The Church of San Pedro de Tejada is an important example of Spanish Romanesque architecture. Located in the Valley of Valdivieso, part of the region of Las Merindades in the Province of Burgos, it served a monastery which may have already existed at the beginning of the 9th century. The present church was built in the 12th century. It is the only surviving element of the old monastic compound,  and is described in Spanish as an eremita or hermitage.

Building 
The building plan follows the standard Romanesque style, with a single rounded apse on the eastern side. The layout is basilical, and a large square tower covers the crossing.

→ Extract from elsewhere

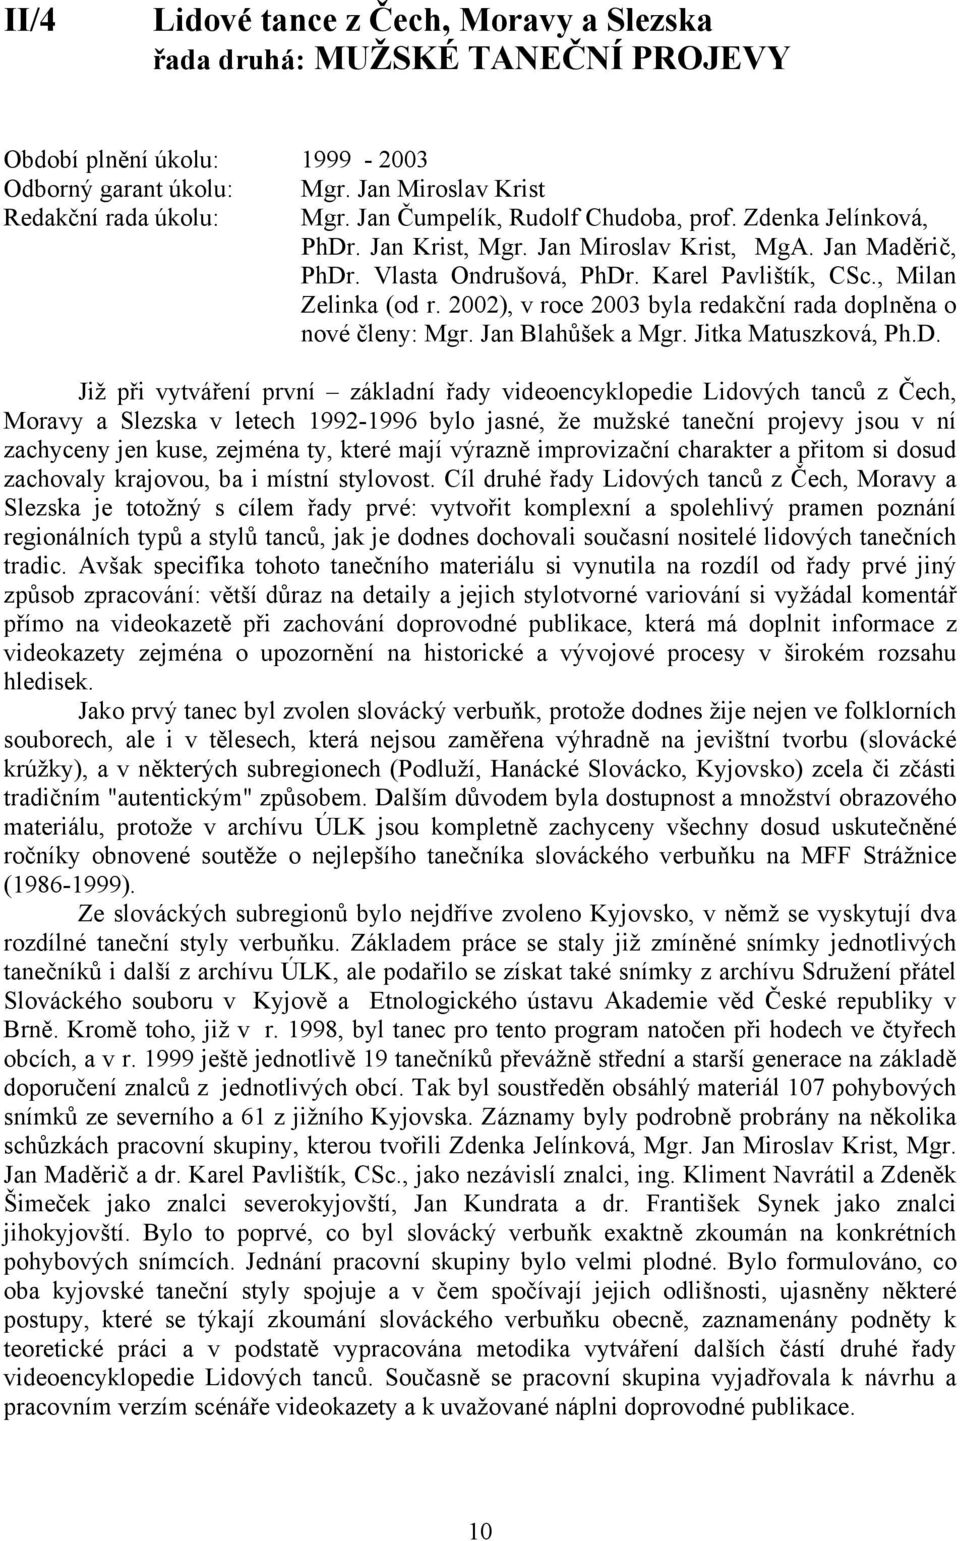 2002), v roce 2003 byla redakční rada doplněna o nové členy: Mgr. Jan Blahůšek a Mgr. Jitka Matuszková, Ph.D.

The tower can be accessed by a staircase that ascends through a circular shaft attached to the southern wall. 

The exterior of the apse is divided into three panels, each of them decorated by a window with typical Romanesque ornaments in the arches and framed by columns with carved capitals on each side.

The cornice is decorated throughout with a set of 86 corbels carved with a variety of characters, including monks, bishops, acrobats, musicians, animals and scenes representing punishment for vices.

The main entrance to the church is located on the west. It is richly decorated with reliefs depicting scenes from the New Testament, such as the Last Supper and the Apostles. Another entrance on the northern side may have been used to communicate with the monastic buildings.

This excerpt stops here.